◆ What you will do
Wherever a picture appears in the listing, leave it out, and copy the rest exactly.

◆ Supplied material

-------

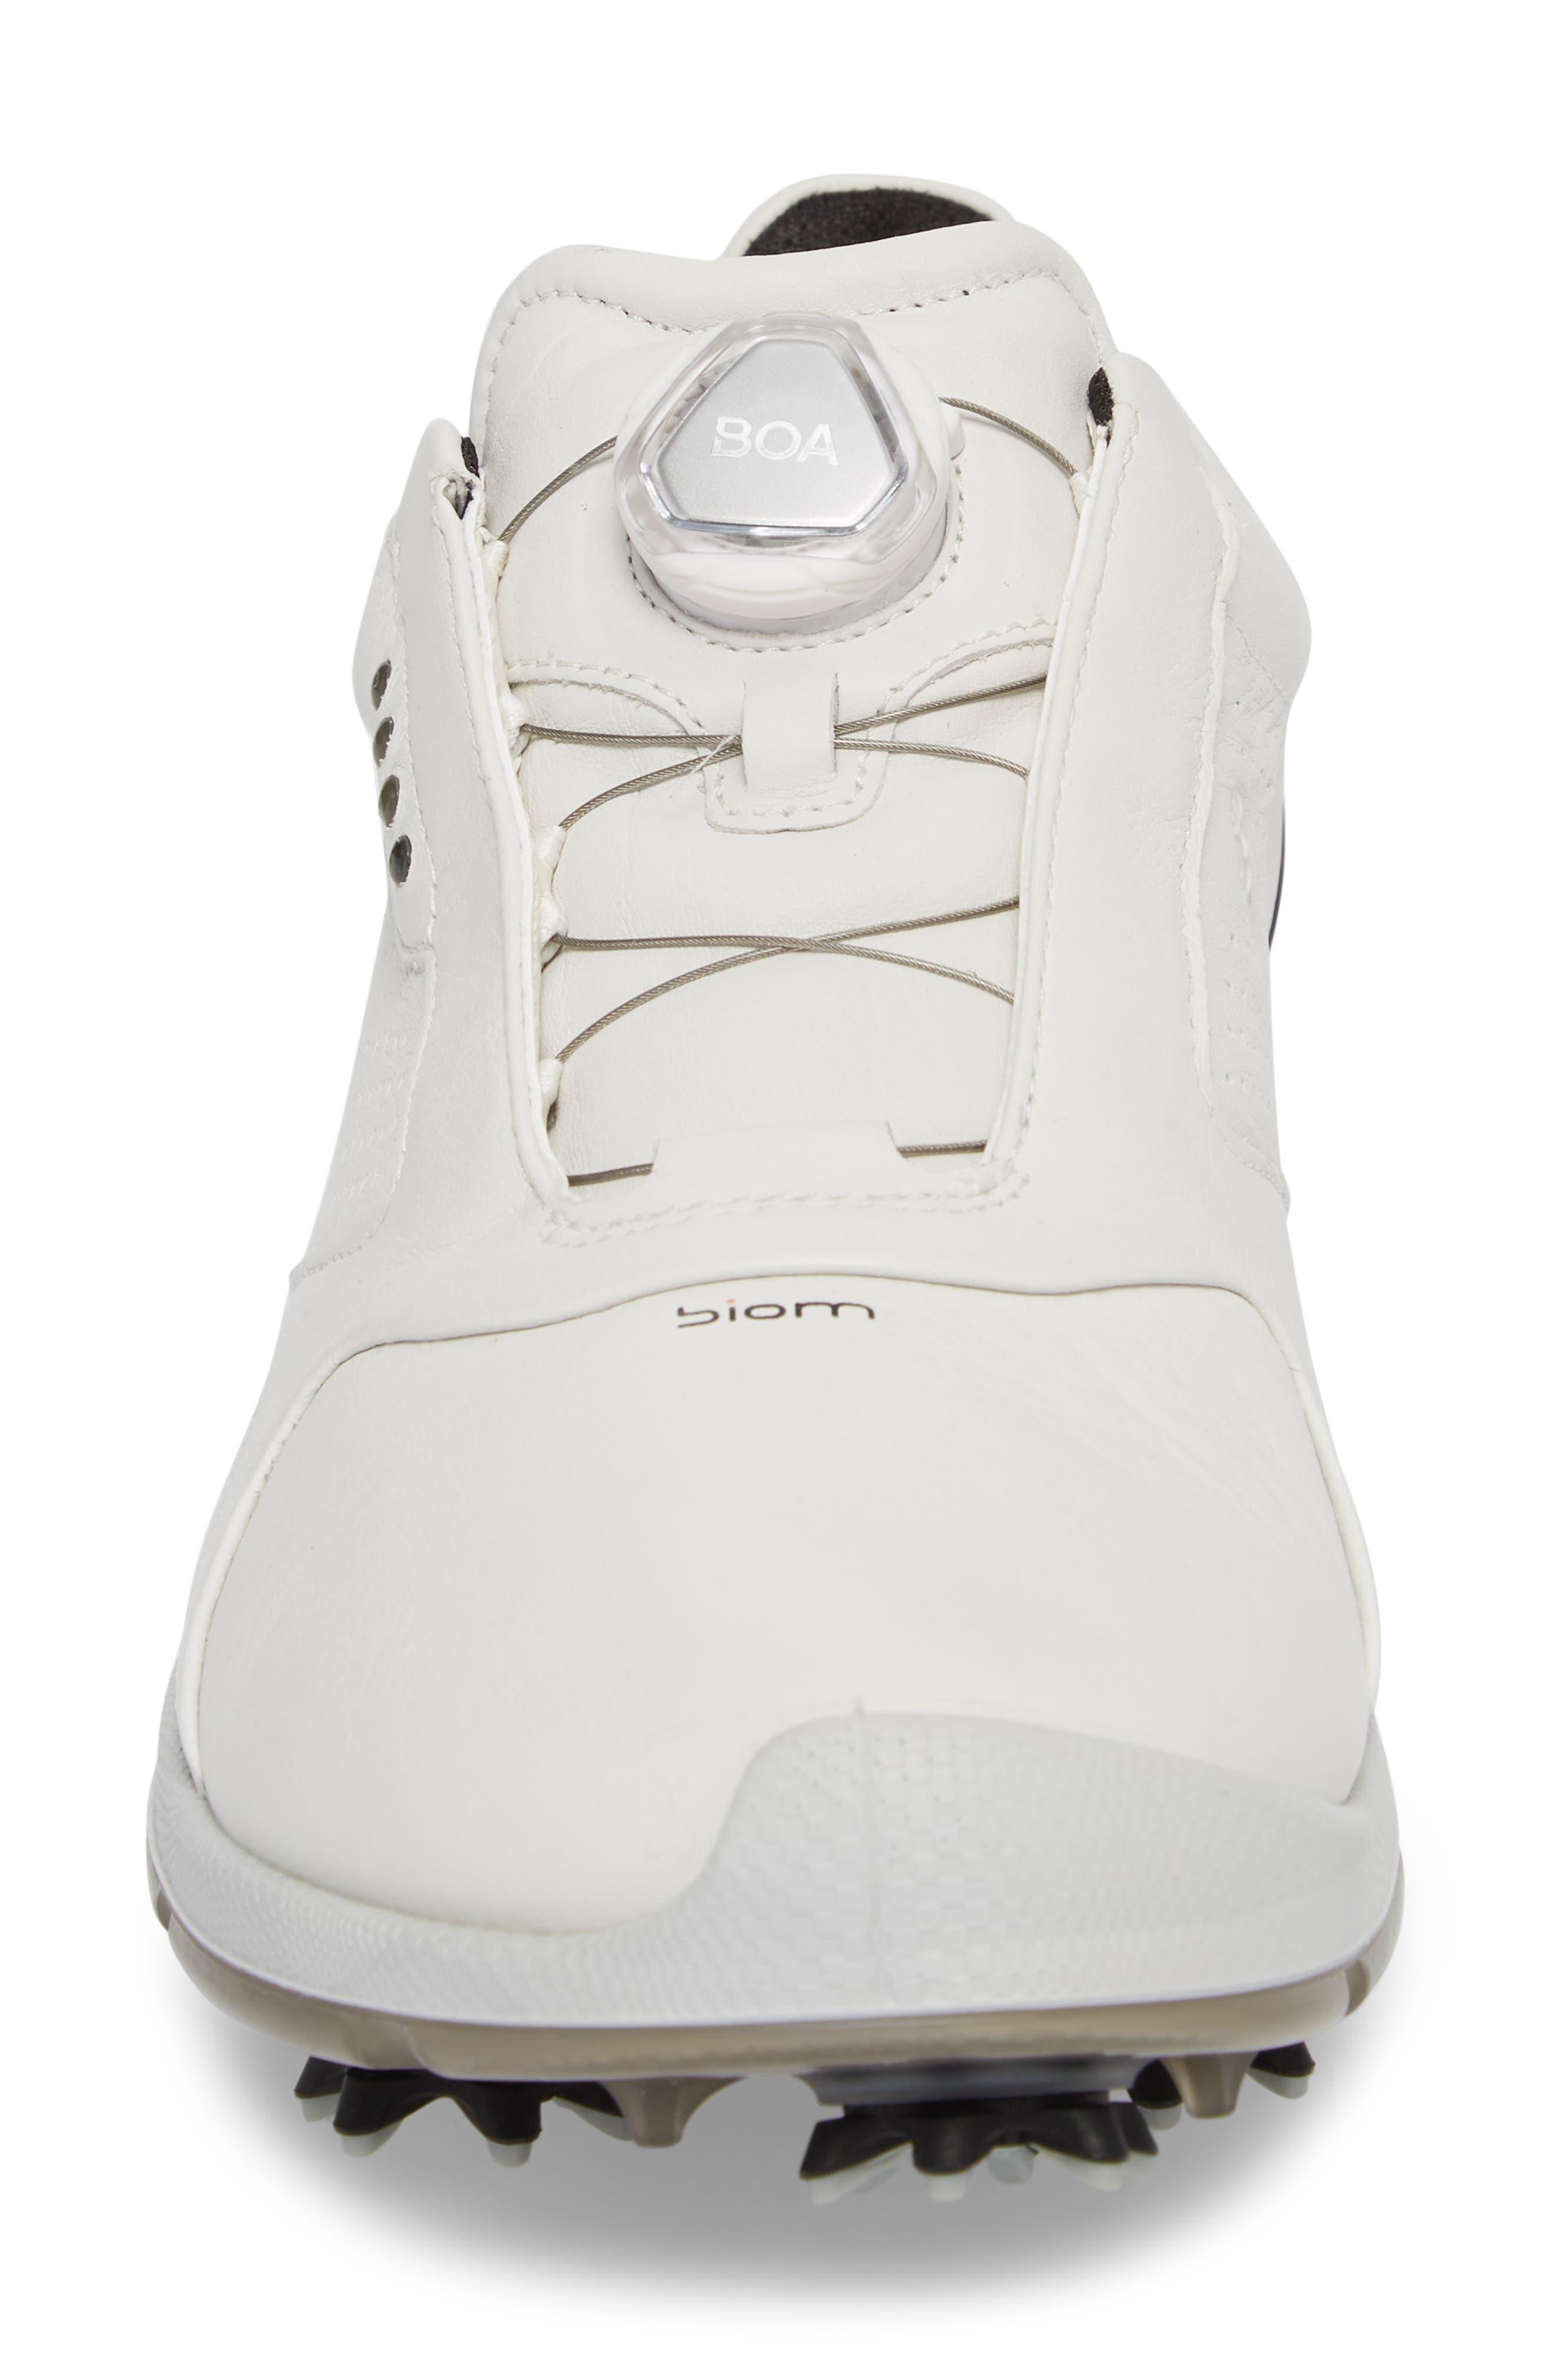 BIOM 2 BOA Gore-Tex<sup>®</sup> Golf Shoe,                             Alternate thumbnail 4, color,                             WHITE/ BLACK LEATHER
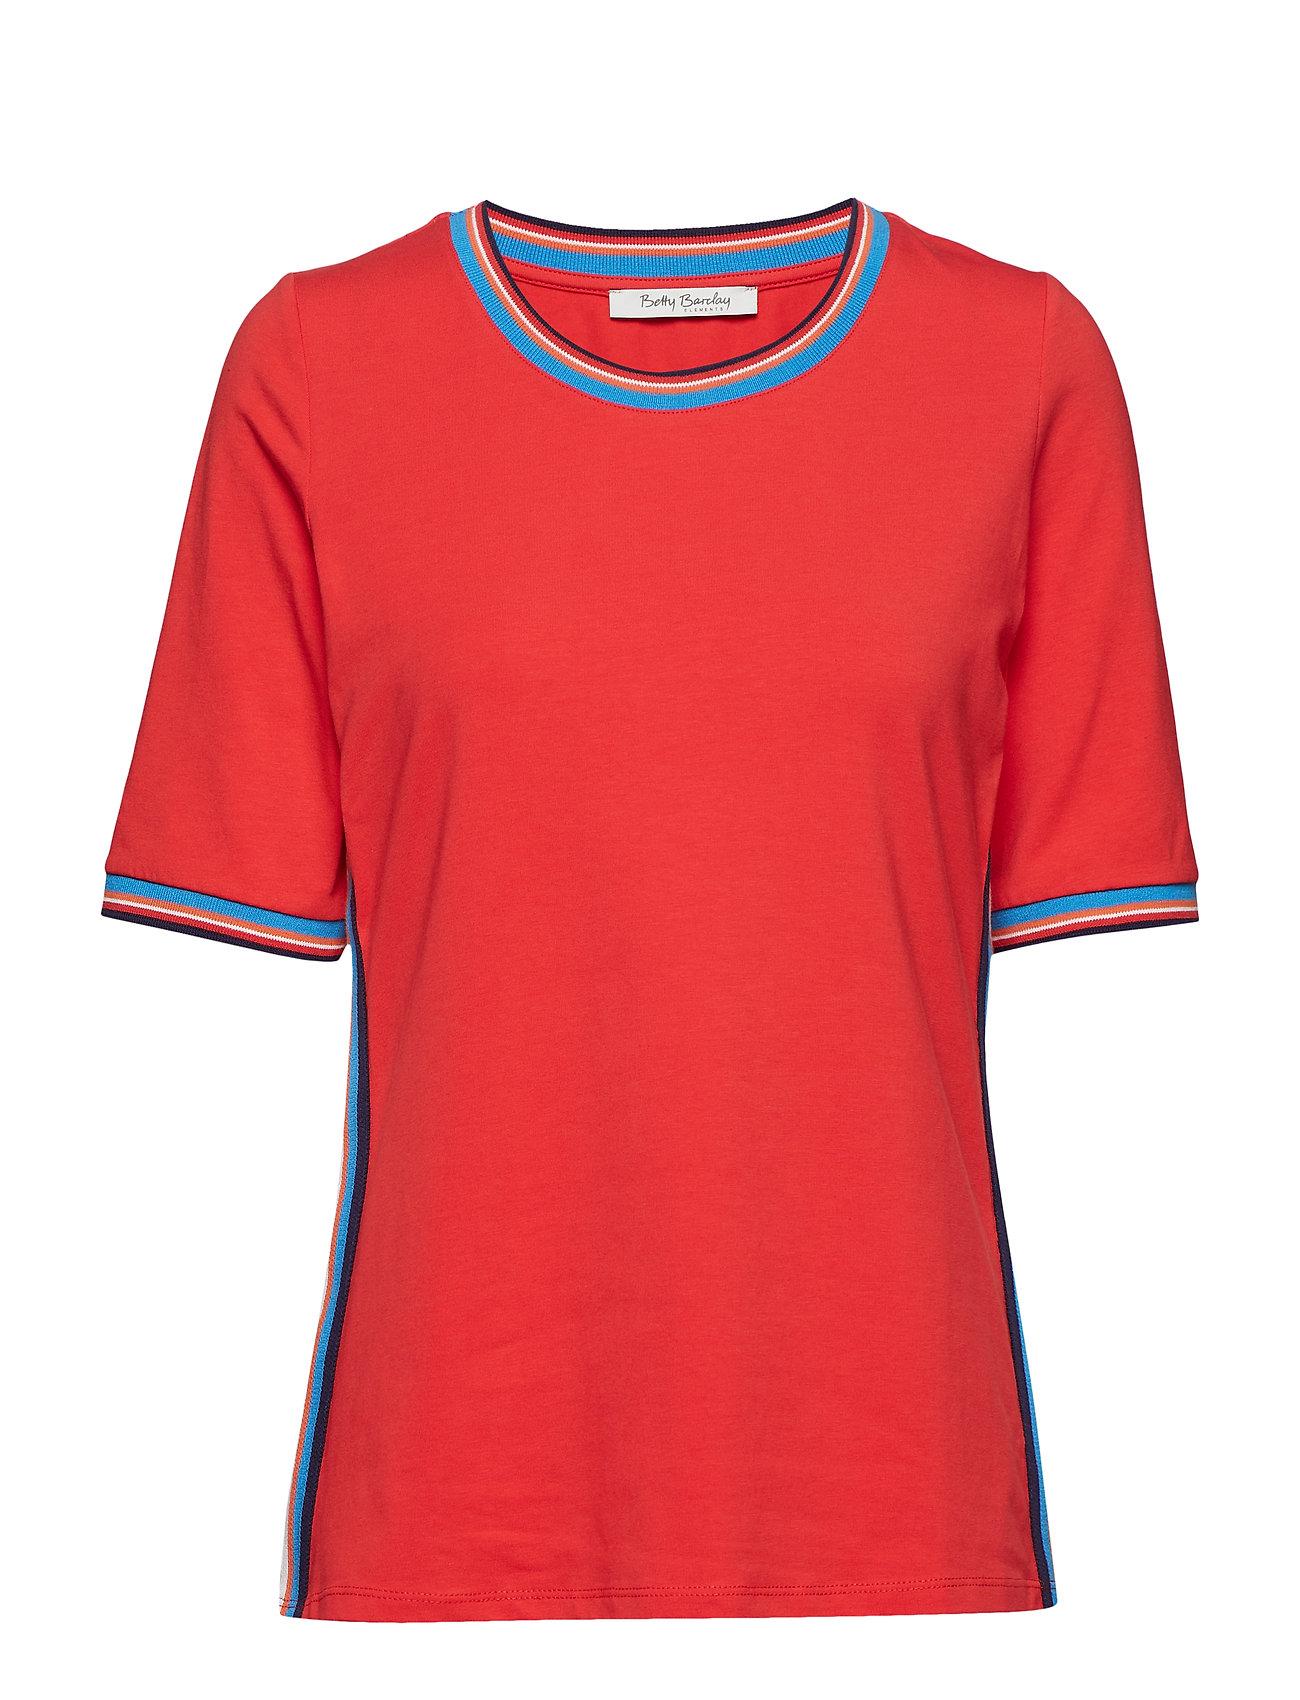 Shirt 2 Short 1 Barclay RedBetty Sleevehibiscus hdtsQr
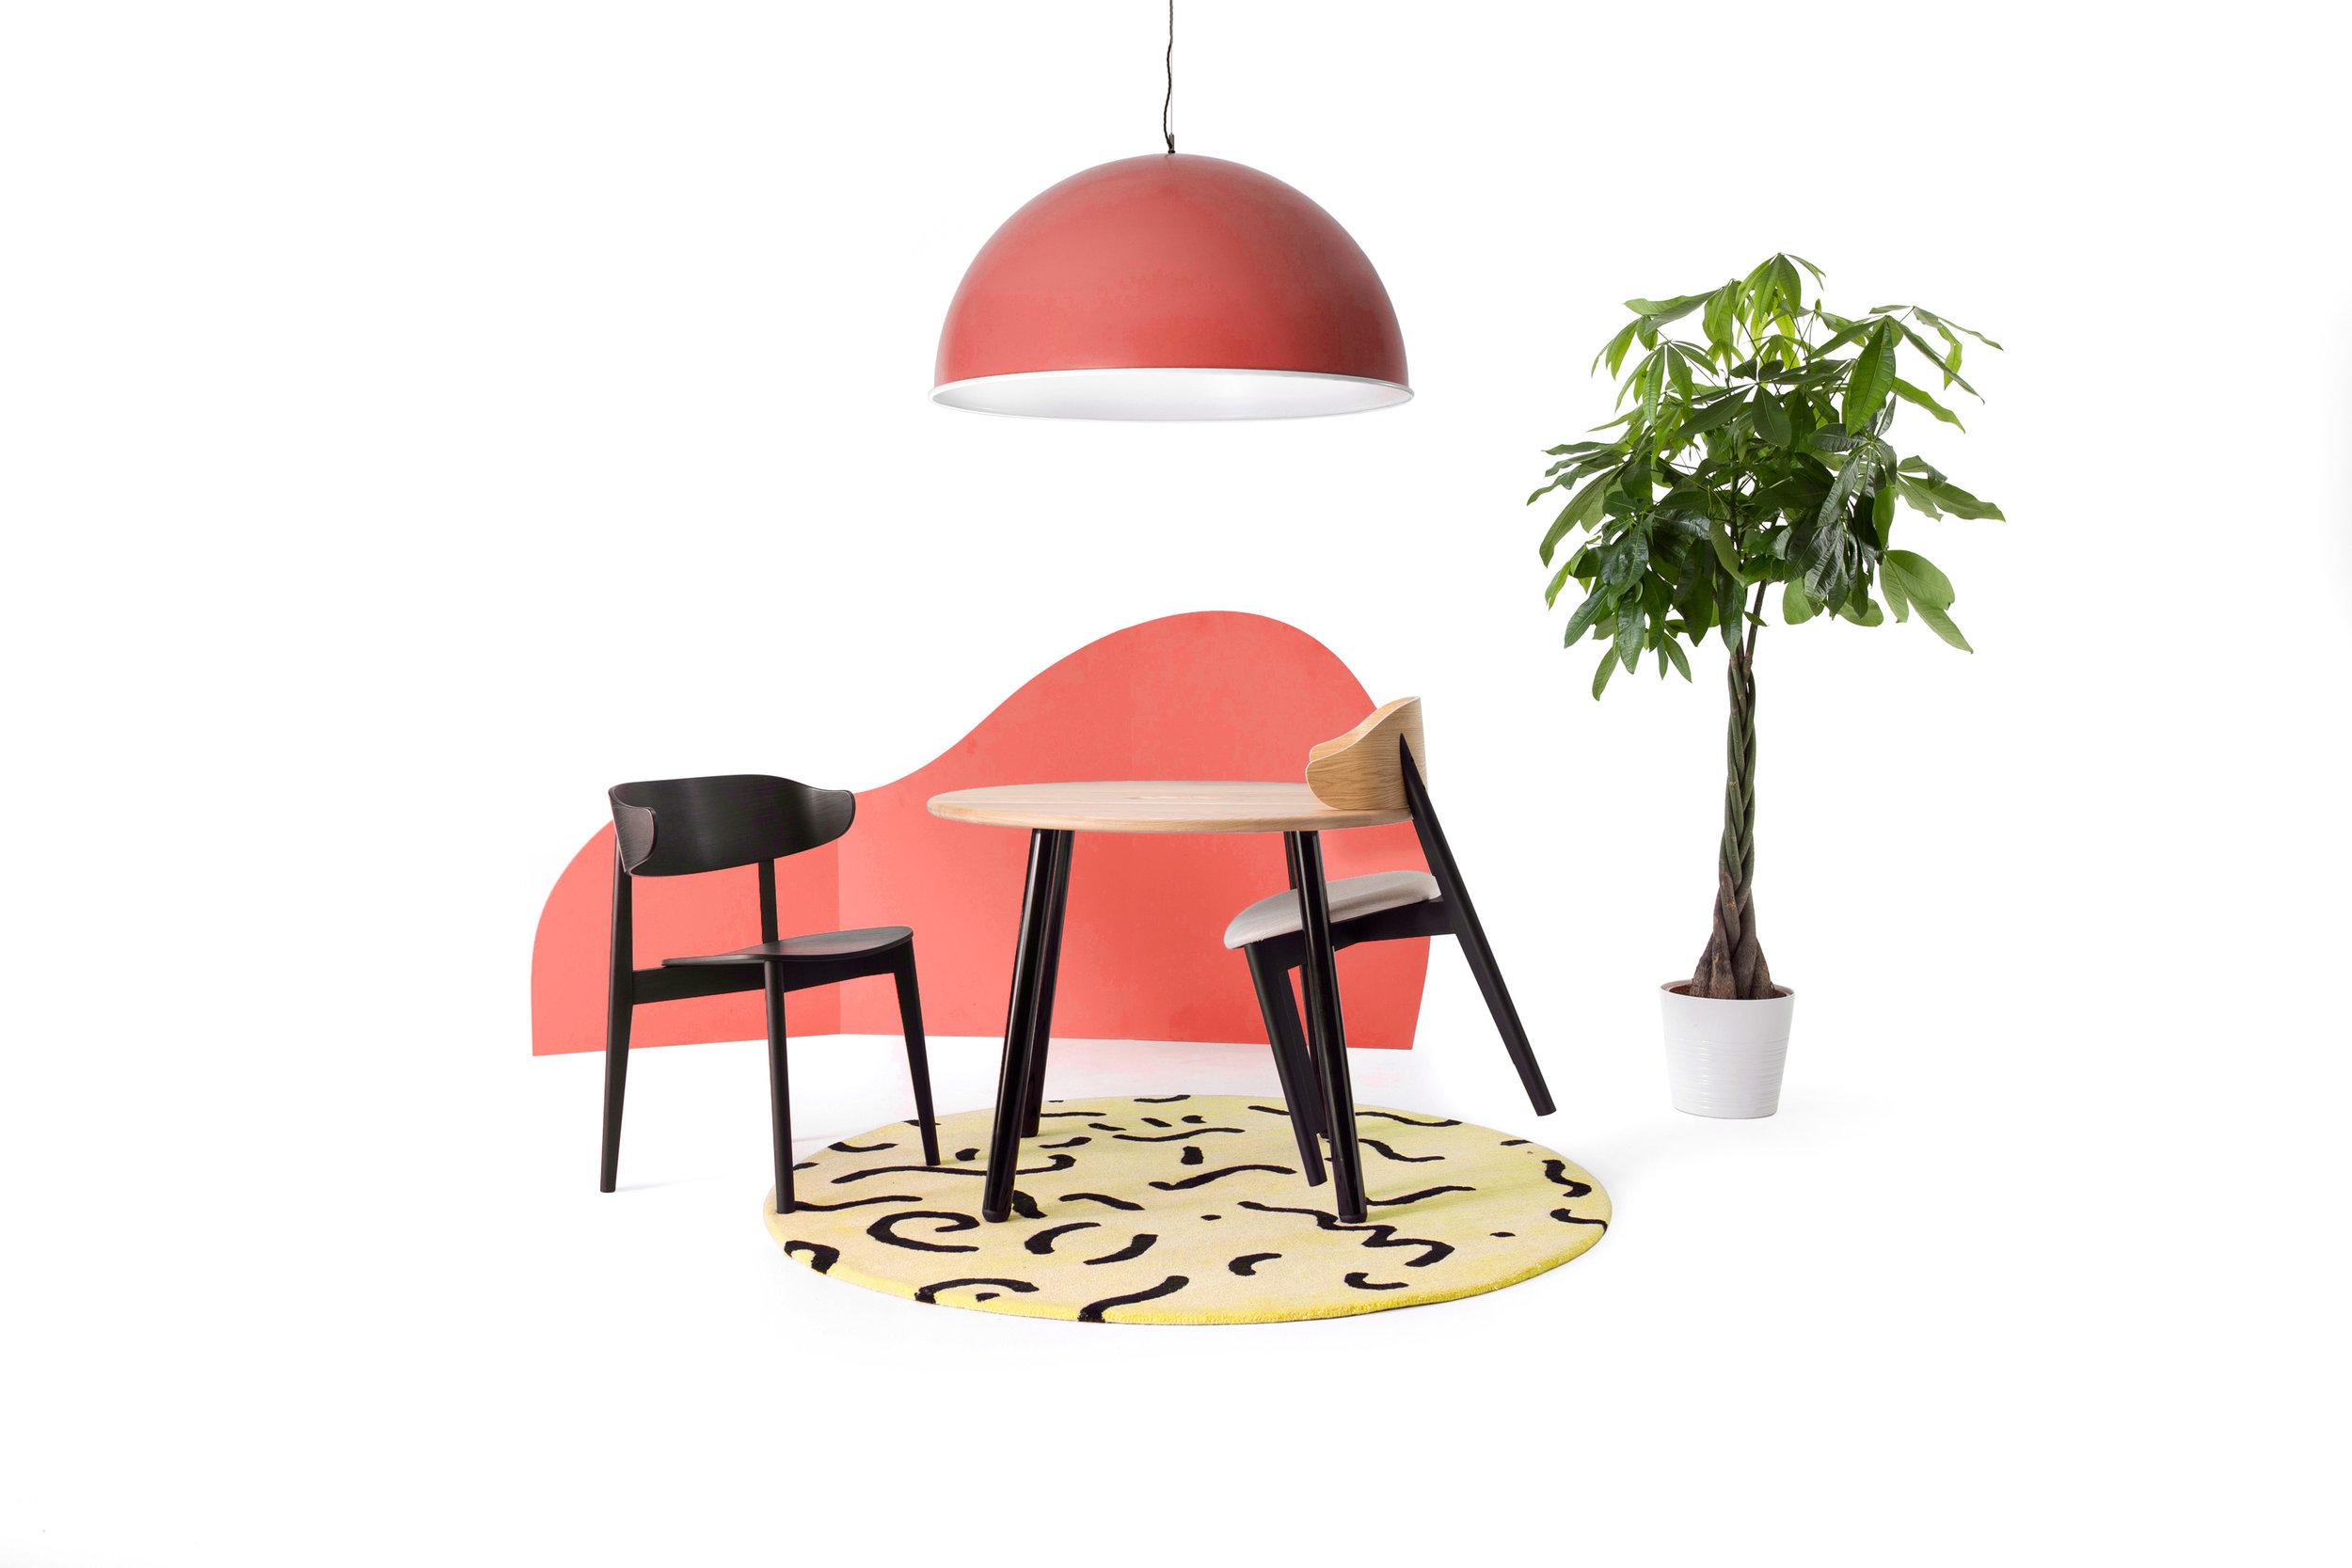 CDW18_Deadgood_Setter_Chair_Spun_Light_WG_Table_Pop_Rug.jpg

-------

◆ Expected answer
 BIOM 2 BOA Gore-Tex<sup>®</sup> Golf Shoe,                             Alternate thumbnail 4, color,                             WHITE/ BLACK LEATHER
 Shirt 2 Short 1 Barclay RedBetty Sleevehibiscus hdtsQr
 CDW18_Deadgood_Setter_Chair_Spun_Light_WG_Table_Pop_Rug.jpg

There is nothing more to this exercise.